Something unusual has happened in the coverage of the Islamabad Talks. The moment Trump said he might travel to Islamabad to sign a peace deal; large parts of the media moved from reporting a process to announcing a conclusion. Channels started to speculate on dates. Accounts began leaking compositions of delegations they have no access to. The story had quietly changed from talks are progressing, to only the signing is left. That narrative is wrong. And in a negotiation this fragile, that wrongness carries real risk.
The facts on the ground tell a more complicated story. The first round of talks at the Serena Hotel lasted 21 hours and ended without agreement or even a memorandum of understanding. The two factions are still divided over the Iranian nuclear programme, the Strait of Hormuz, ballistic missiles, lifting of sanctions, and the issue of frozen assets. Iran’s Deputy Foreign Minister Saeed Khatibzadeh stated flatly at the Antalya forum that Iran will not hand over its enriched uranium to the United States, calling it a non-starter. On the same day, Iranian President Pezeshkian rejected any arrangement that deprives Iran of its nuclear rights. These are not minor procedural gaps. These are the root causes of disagreement between two parties who had spent 47 years building walls of mistrust, rather than bridges.
The ceasefire itself, the precondition for any talks to continue, has already come under strain. Iran opened the Strait of Hormuz briefly and withdrew the decision after the US continued its naval blockade. Tehran mentioned the blockade as a violation of the ceasefire. Washington termed the action of Iran as blackmail. The IRGC said that the strait was not going to be restored to its former status as long as the blockade persisted. This is not the atmosphere of a deal that is already done. This is the mood of a negotiation that is yet to be played, with several points of pressure that can destroy the process anytime.
Why Optimism and Closure Are Not the Same Thing
None of this means the process has failed. It has not. The ceasefire holds, however imperfectly. The second round of talks is being prepared, with Trump confirming US negotiators will return to Islamabad. Iranian parliament speaker Ghalibaf acknowledged that “there will be no retreat in the field of diplomacy,” even while acknowledging a wide gap remains. That matters. Neither side has walked away permanently. But optimism about intent is not the same as resolution of substance, and the media coverage has repeatedly confused one for the other.

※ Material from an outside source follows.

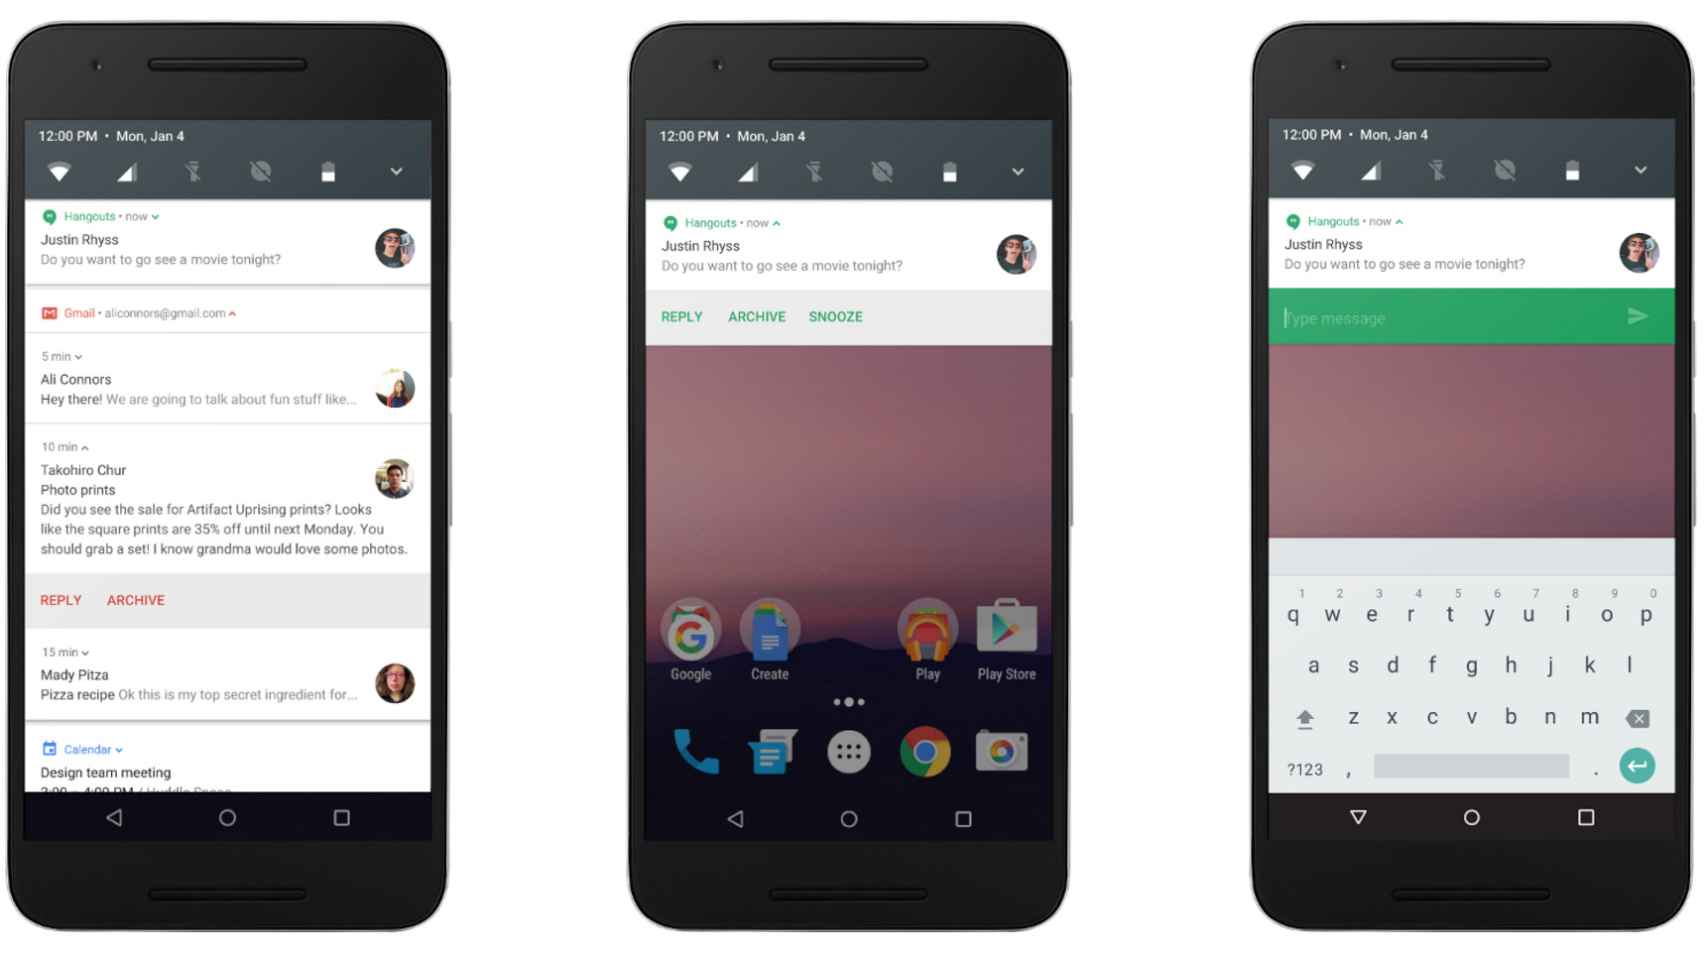 Novedades en las notificaciones en Android Nougat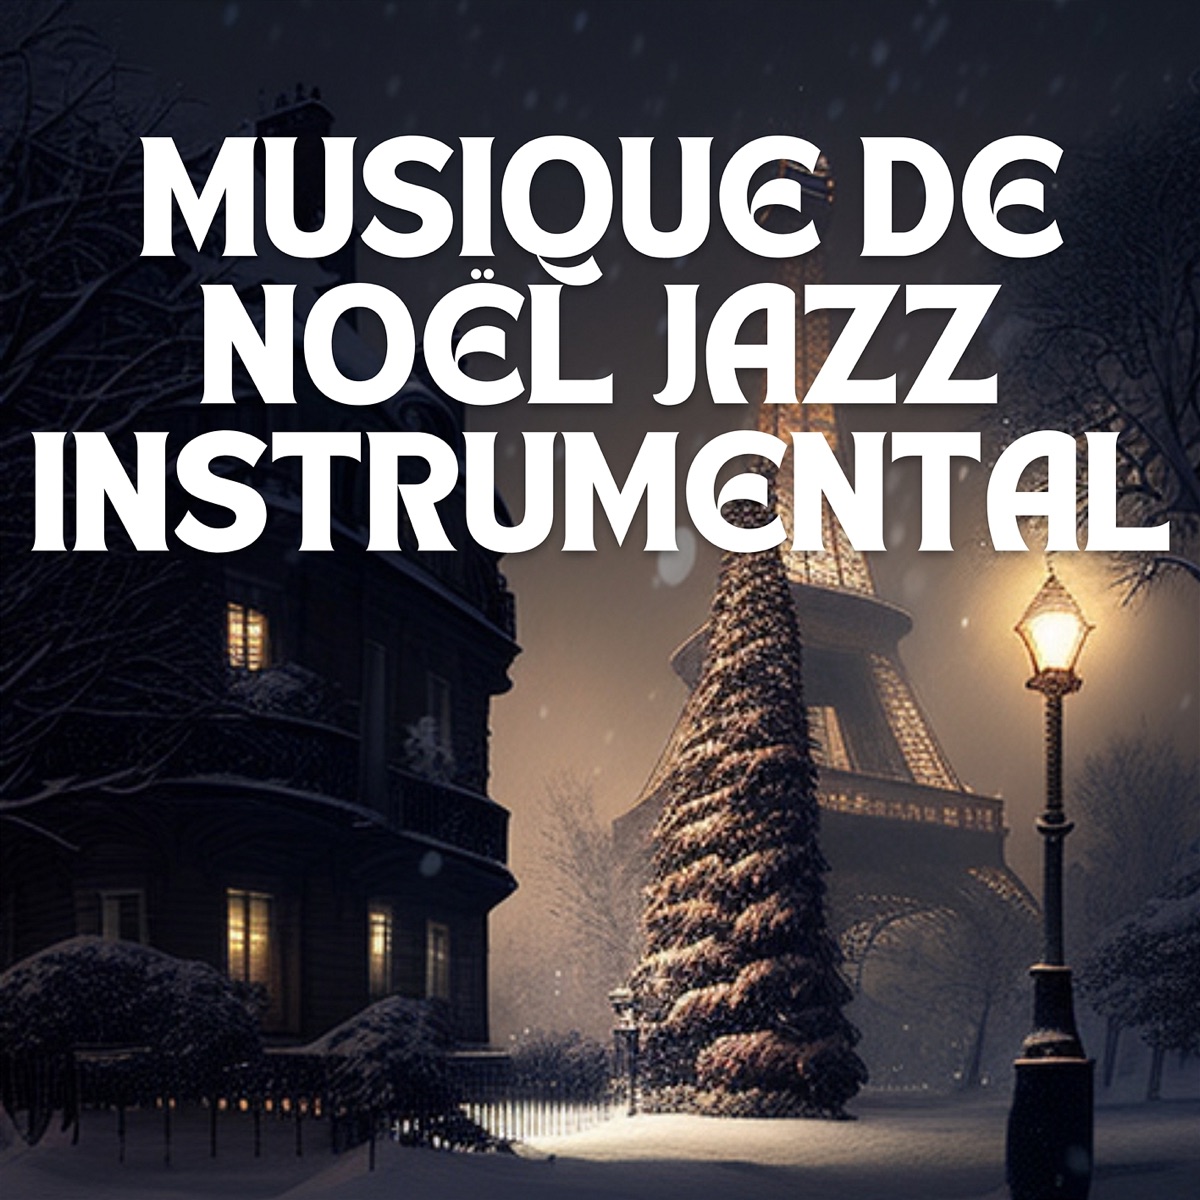 Musique De Noël Jazz Instrumental - Album by Jazz Cafe Musique Paris -  Apple Music

Such high-stakes negotiations are gradual processes. They are formed by suspicion that is not immediately manifested, domestic political pressure on both parties, technical checks, and the availability of spoilers who gain advantage from the lack of peace. The main stumbling blocks include Iran’s nuclear programme, Hormuz transit, ballistic missiles, and drones. Mediators are said to have to talk to Iranian reformers, hardliners, and Revolutionary Guard leaders at the same time whenever a new US proposal is given. That takes time. Every time Trump announces, “the concept of the deal is done,” and Iran’s negotiators say the opposite within hours, the gap between headline and reality becomes visible again.
This is where Pakistan’s role deserves both recognition and honest framing. Pakistan did something really historic. It brought the United States and Iran to the same room for direct talks for the first time in 47 years. It broke a ceasefire when none seemed possible. It held that ceasefire together through Israeli violations, US blockades, and Iranian threats. The back channel has remained alive as a result of personal diplomacy by Field Marshal Munir, including meetings with Pezeshkian and Ghalibaf, and a meeting with the IRGC command in Tehran. That is a genuine achievement. What it is not is a concluded agreement. The table has been constructed and maintained by Pakistan. The parties yet remain to agree upon what is written across it.
There is one firm and reassuring reality beneath all the noise. Neither Washington nor Tehran wants to return to February 28, when the bombs started falling, and the strait closed. Such common unwillingness to revert is the most enduring ground of the peace process. Pakistan is the only player in this process with more credibility than anyone else and is determined to transform that hesitation into an agreement. The deal is within grasp. It is not yet in hand. Those two things are not the same, and treating them as such does not serve the process. It only sets up a harder fall if the next round hits another wall.